At the beginning, when adjusting the delay, we proceeded with wishful thinking that “synchronization can be done without any problems in terms of the system”, but when we actually tried it, the way of thinking about delay calculation etc. was different from each other. A difficult part came out. Our engineers and Canon engineers took the lead in doing a lot of fine-tuning. There is no end to all the various adjustments, but probably the most time consuming part is reproducing the movements of real artists in volumetrics so that they can perform together with VTubers in a virtual live space. I think it was an adjustment to do.

Canon contact:
Mr. Balus must have had a lot of trouble with the part of “displaying images in real time”. Mr. Barusu will work on reducing the weight, and Canon will also work on real-time processing. It was very difficult to finally combine them.

Valus contact person:
In the first place, we had different systems and studios, so we had to spend a lot of time reconciling everything in order to combine them into one system. Since each system has a different way of thinking, we made adjustments while checking the parts that we wanted to match in terms of the system.

The “success” of a live experience is to make people feel that real and virtual artists are “together as a matter of course.”

――From what you have said so far, I can tell that you have really spent a lot of time through trial and error in order to realize a natural collaboration between the real and virtual worlds. Did you actually get a response after working on this live production?

Valus contact person:
It was nice to be able to match that “the state of talking in real time really comes out as a picture”. By challenging various challenges one by one, which were high hurdles in live performances until now,I was able to output a video of a real artist and a VTuber standing side by side as a picture on the same time axis.Realizing the real and virtual collaboration stage in a way that does not feel out of place is a great achievement obtained from this event.I feel.

Canon contact:
In this live performance, we are able to create a wider range of productions by fusing the free expression of the virtual world with the realistic expression of the real world. Of course, performances by real artists and VTubers,We were able to achieve very natural communication with each other, and it was a live show that delivered images that we had never seen before.I think.

――Speaking of virtual live performances, Mr. Barusu is a field that you have been involved in on a regular basis.

Valus contact person:
Volumetric video technology has made it possible for real artists to appear in virtual space in 3D. by this,The so-called “virtual-only production” that we have been giving to VTubers until now, for example, changing the scale of people greatly, can now be given to real artists.

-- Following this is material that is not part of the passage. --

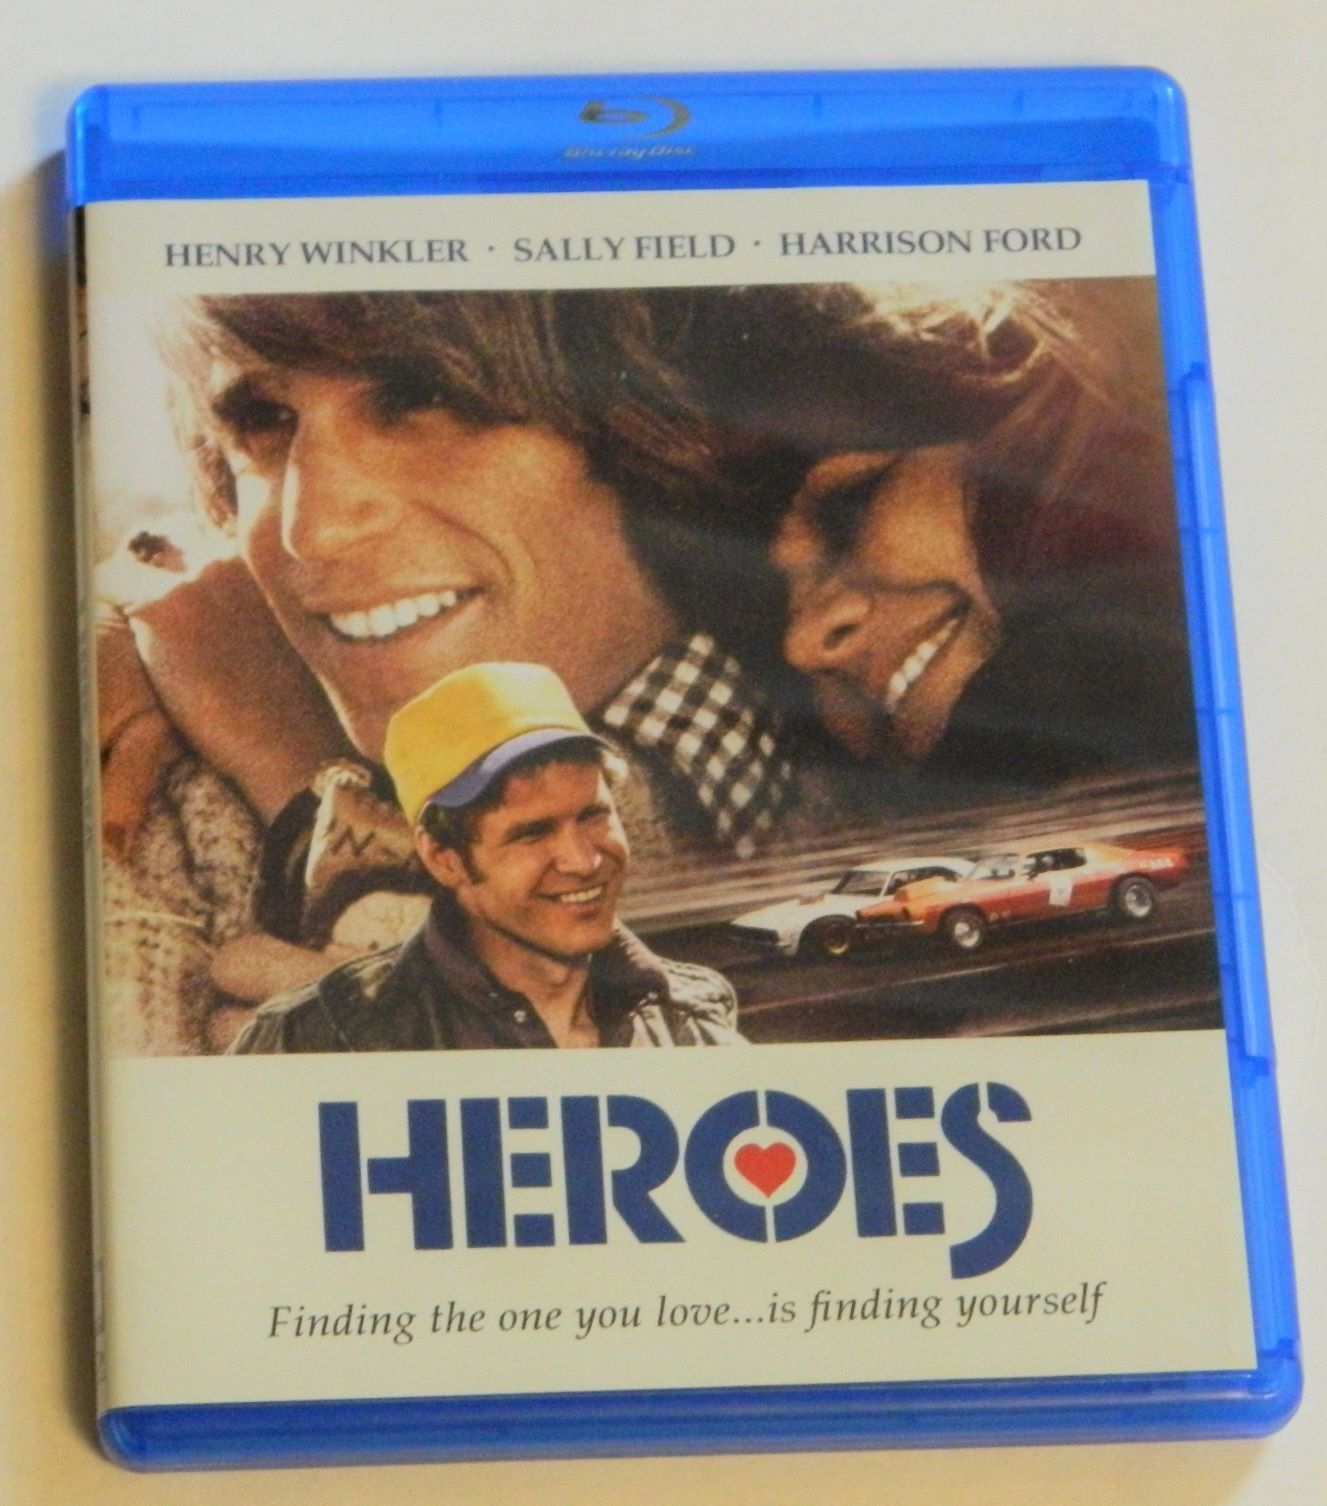 Heroes Blu-ray

Even if it is a familiar expression for VTuber fans, if you apply it to a real artist, it will look different. By using the expressions we have made for VTubers and the experience we have cultivated in virtual live performances by real artists, it may be seen as a new production. I think it would be great if we could create new productions and expressions without limits, which is possible only because of the 3D appearance.

――From now on, some people may want to check the archives of the live performances, and others may want to check the live footage again after reading this interview. Are there any points that should be noted when watching the stage of “Buzz Rhythm LIVE V 2023”?

Valus contact person:
On the contrary, I think it would be nice if you could feel that “it’s too natural to understand”. It looks like a real artist and a VTuber are really there together, and if you don’t tell them, you won’t notice the discomfort. No matter what direction the camera turns around, it feels like you are really there without any discomfort.I think the “success” of a live experience is to make people feel that real and virtual artists are “naturally together”.and. I would be happy if you could feel that “I am really in the same space” instead of “seeming to be there”.

Buzz Rhythm LIVE V 2023

(* Time shift viewing available until 23:59 on September 1)

Facebook
Twitter
LinkedIn
Pinterest
Pocket
WhatsApp

Leave a Reply

Your email address will not be published. Required fields are marked *

This site uses Akismet to reduce spam. Learn how your comment data is processed.